Крупно шагая через осинник, воспитатель уловил обидно недоумевающий голос Охнаря, бормотавший:
— Я до него как до человека, а он… Подумаешь — бог!
И, стоя у открытого окна своей комнаты на первом этаже, Тарас Михайлович еще слышал, как невидимый в темноте оголец орал похабную песню, а негромкие, то строгие, то глуховато-ласковые, голоса хлопцев уговаривали его угомониться.
Взошел поздний месяц, и долго еще со стороны тока слышались пьяные выкрики и шум.

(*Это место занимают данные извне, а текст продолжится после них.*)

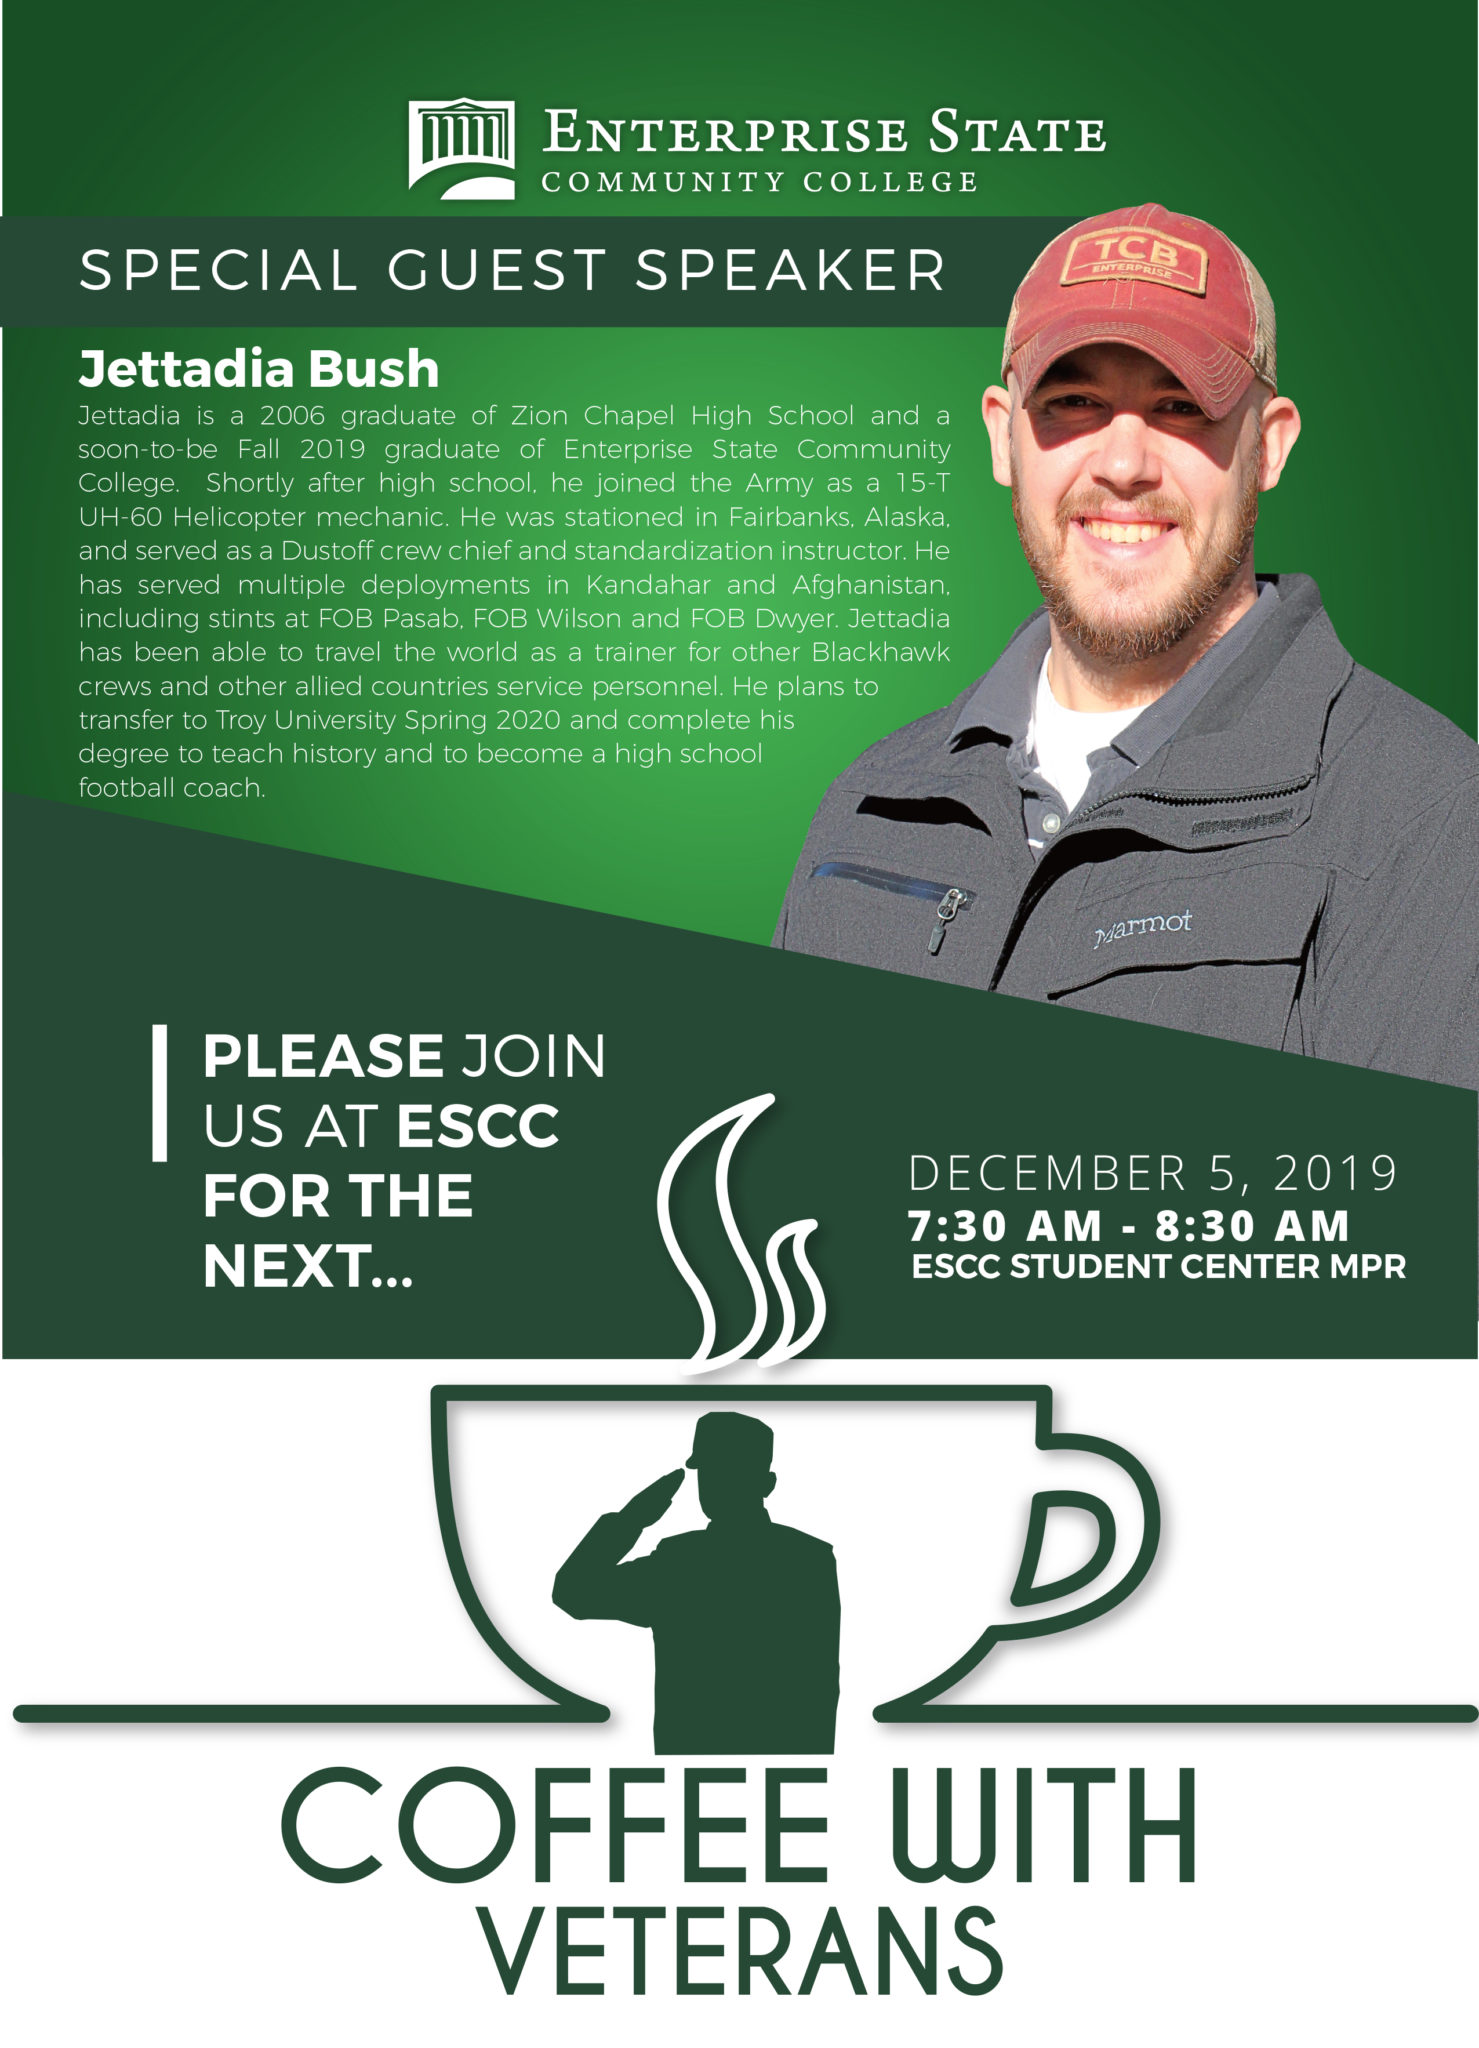 Coffee with Veterans program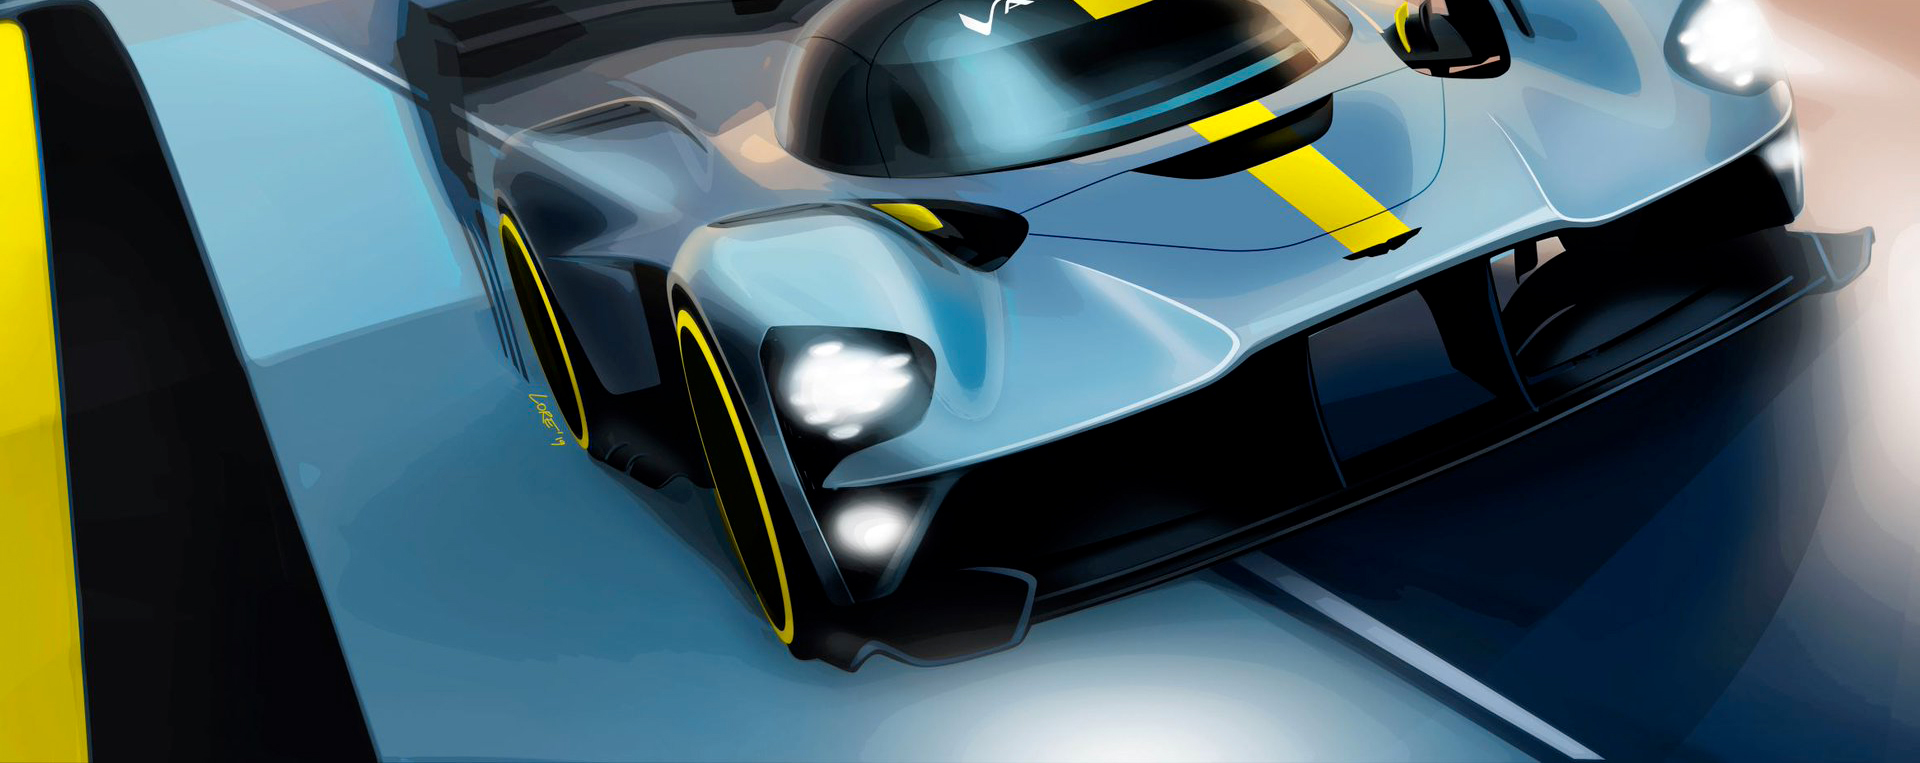 Hypercar : réglementation Le Mans 2020

Утром звонок собрал всех колонистов наверх, в зал. Не оказалось только Охнаря. За ним на ток отправился Юсуф Кулахметов. Ленька лежал на том же месте, где его оставили вчера, — в соломе, под скирдой необмолоченной ржи. На рассвете его рвало, под глазами залегли зеленые круги, щеки поблекли.
— Хватит, однако, лежат, — сказал Юсуф. — Ходи мало-мало. Айда.
В ответ ему Охнарь что-то слабо промычал. С похмелья он весь ослабел, раскис, в голову, казалось, то и дело вгоняли долото, к горлу от живота подкатывала мутная, тягучая тошнота.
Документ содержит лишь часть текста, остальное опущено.